I have spent most of my career as a musician playing in a brass band.
Since the age of 12, when I played in the local brass band, then moving to a higher ranked band a bit further away, gaining a place in the National Youth Brass Band of Scotland at the age of 14 and then moving to Manchester to study for a music degree, all the while still playing in a brass band.
A brass band is a group of 25 players and 3 percussion. Everyone has their part to play, to feed into the overall piece and to make it sound the way it does. Relying on 28 people to play their best when it matters, in competition for example, means the conductor has to trust, put his faith and belief into his players, but also instil the confidence and belief INTO his players so everyone feels the same faith, confidence and belief.

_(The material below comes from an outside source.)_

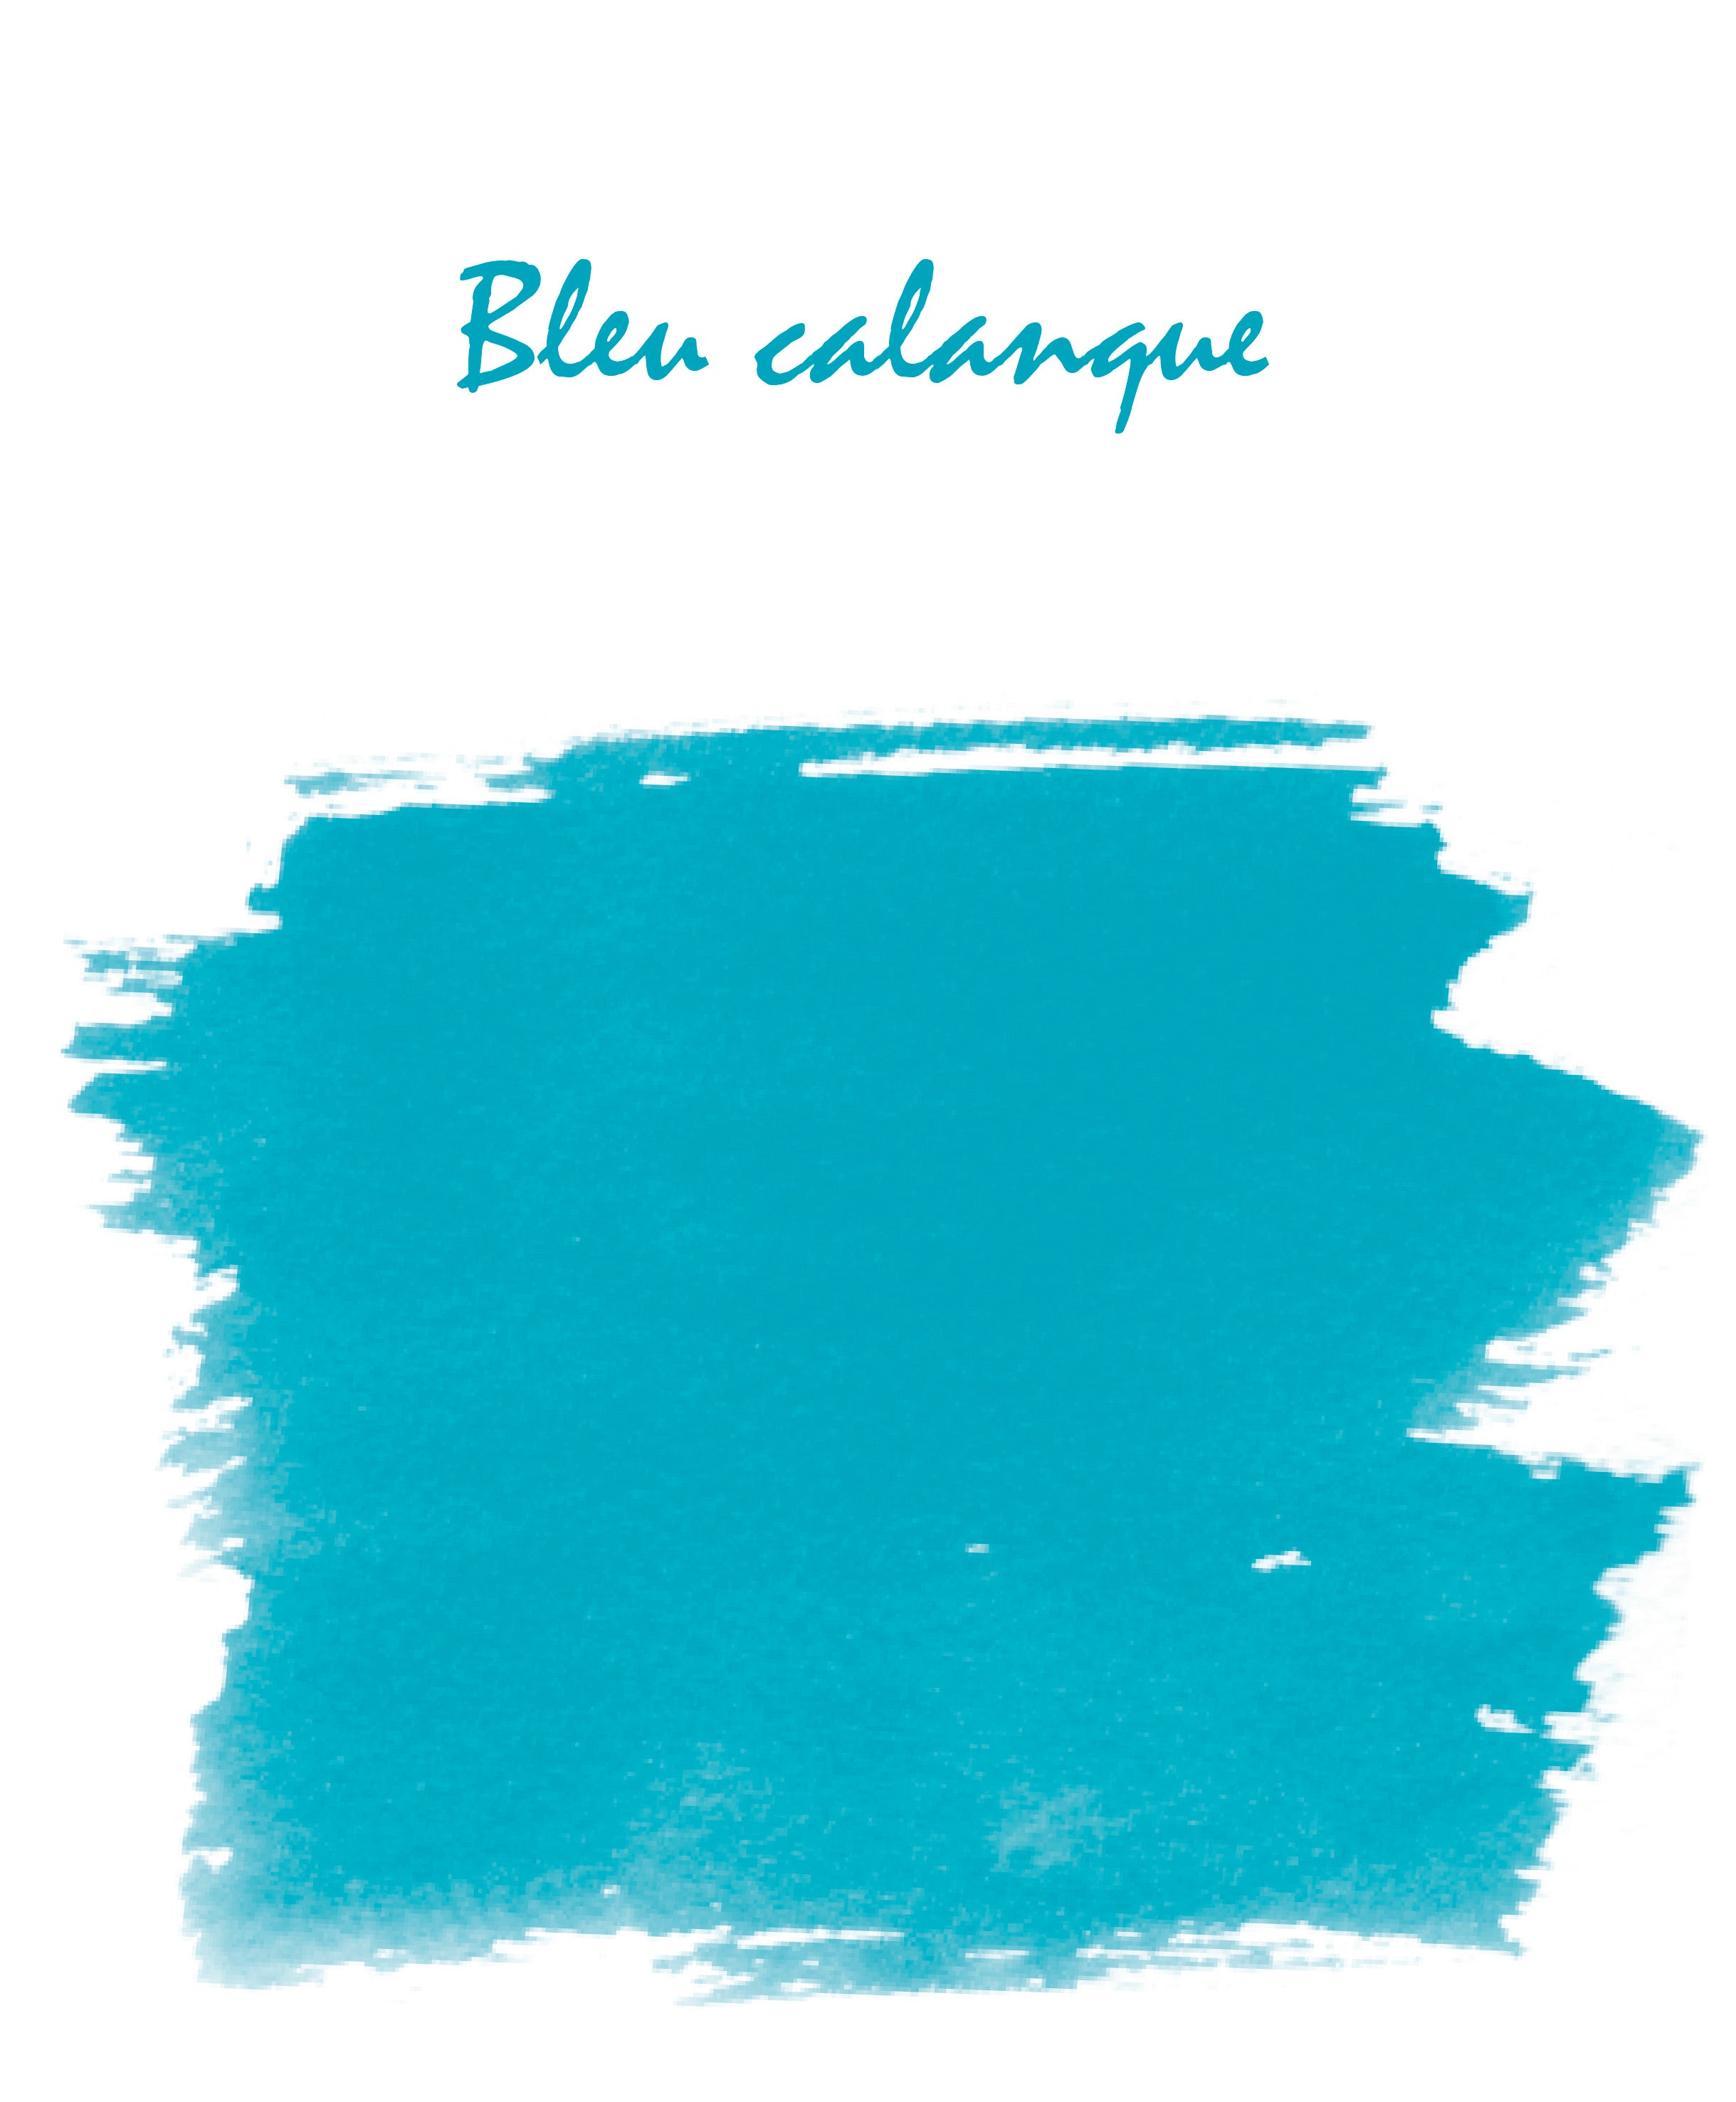 Swatch von Bleu Calanque by Herbin.

Since I had my boy last year, I’ve not been a full time member of the band, just a helper when ended as I can’t dedicate the rehearsal time and individual time that playing at the highest level takes. I do miss it but when you have to prioritise things, I know it makes sense to put it to the side at the minute, and help when I can rather than try to do too much and do nothing properly at all. That is when I feel stressed.
Just listening to these old performances I have been part of (above is also a contest- winning performance!) makes me realise I still am part of a band, just in different ways.

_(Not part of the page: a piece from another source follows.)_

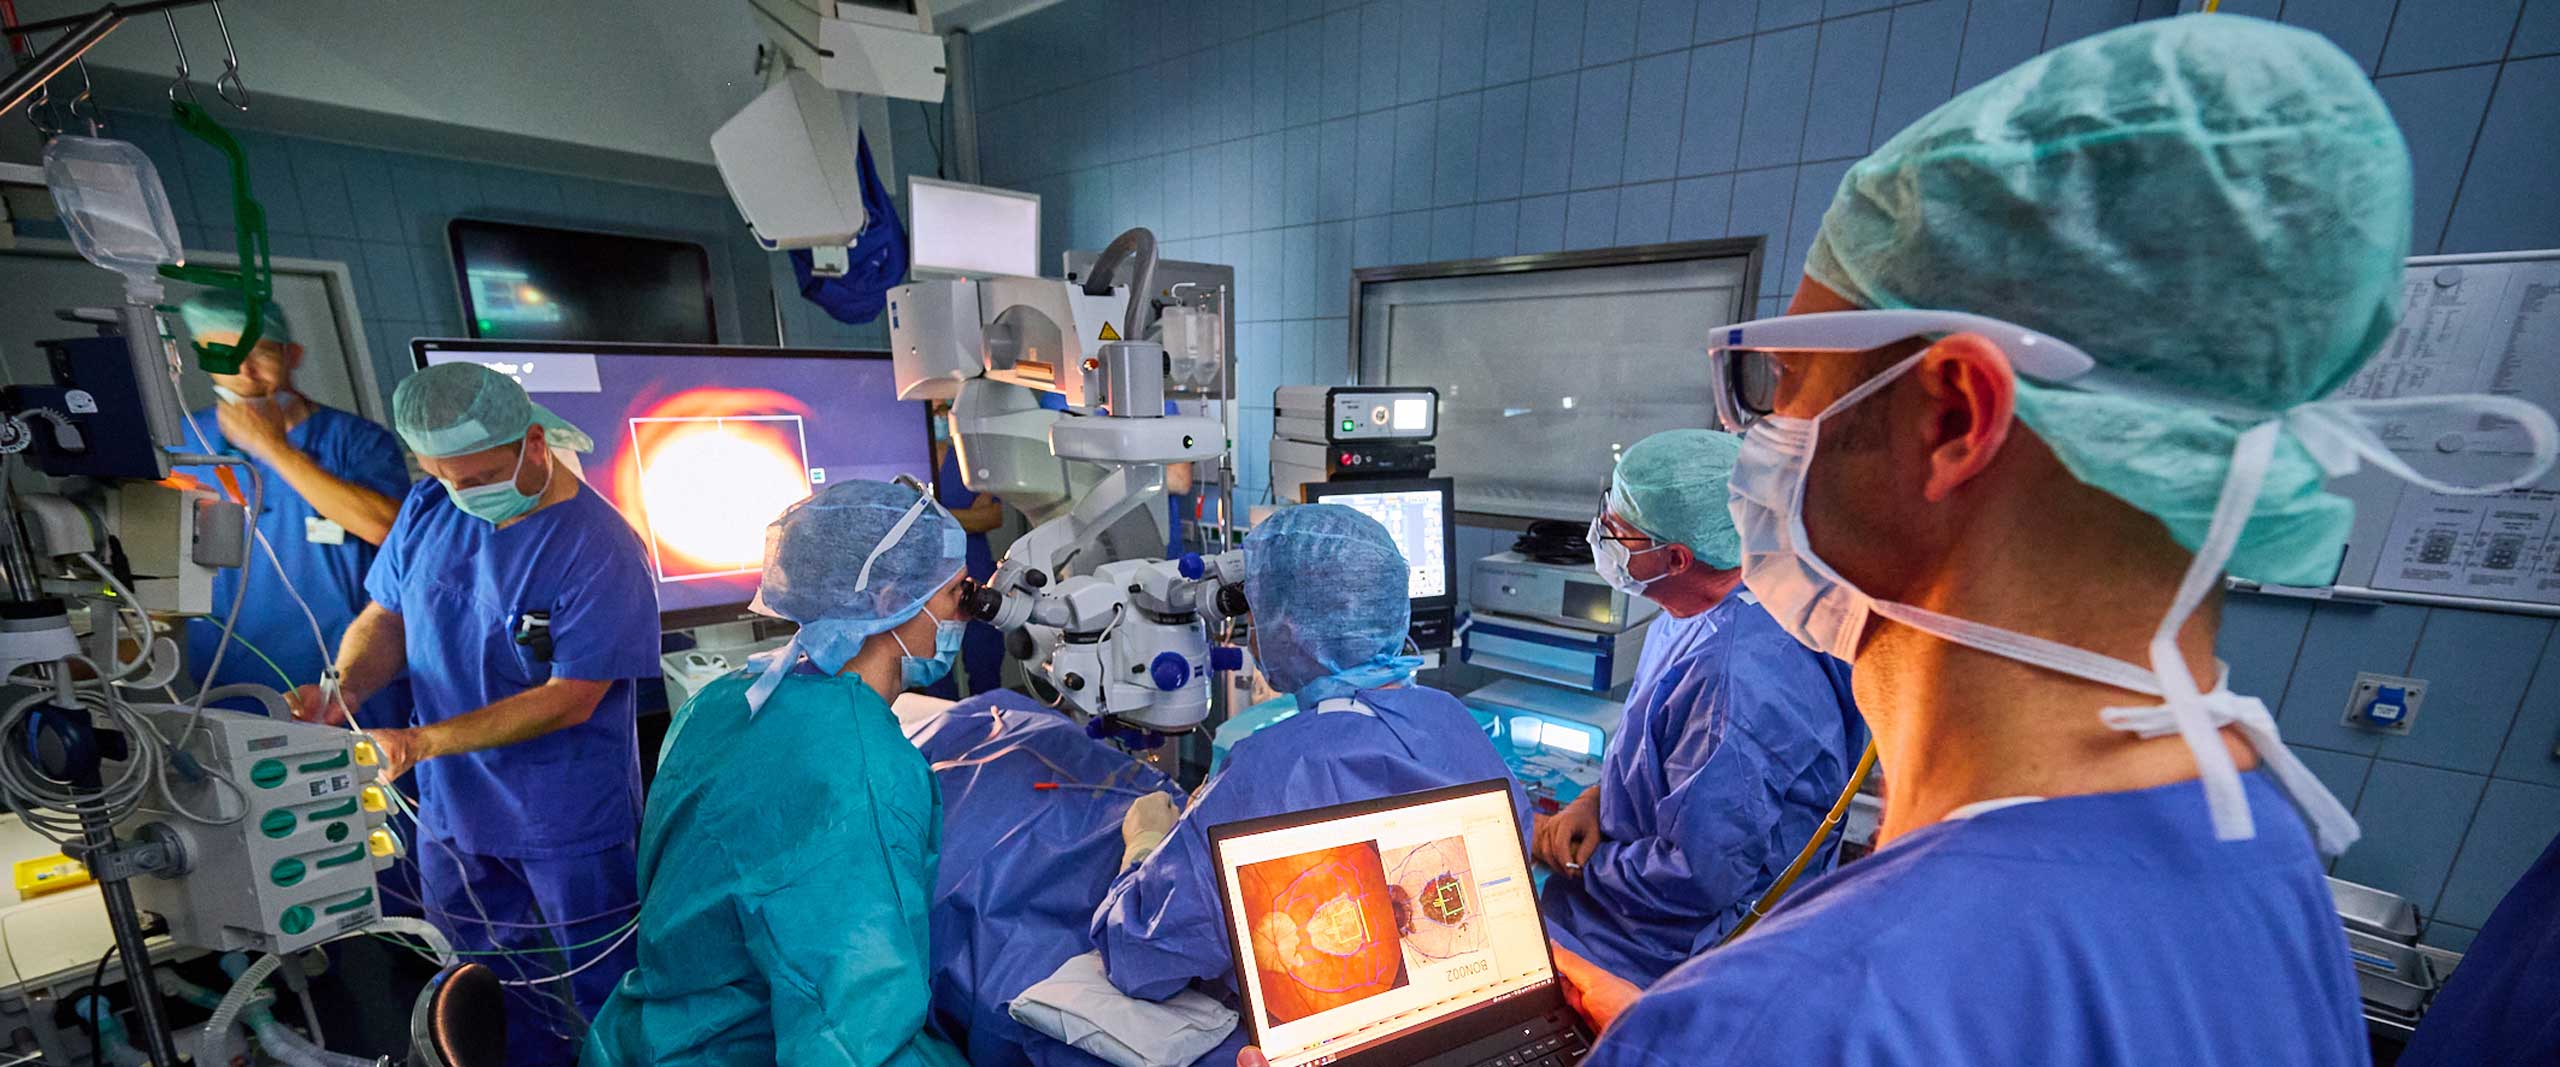 Implantation eines elektronischen Netzhaut-Chips in der Augenklinik

In my classroom,I am the conductor, standing in the middle, directing my 25+3 individual players in their own tasks, to feed into the overall big picture and to do their best when it matters- every lesson.
In school I am one of the individual players, doing my own part in my own subject area, as well as playing little solo parts here and there, doing my own thing, trying my own ideas, trying other people’s ideas, to feed into the bigger picture, the overall piece.
So really, although I feel that as a musician, a player, I am doing the best I can, when I can but at work, I am making big leaps, both in confidence in myself and developing confidence in others. It makes me feel a bit better realising this as the skills are similar, it just sounds completely different.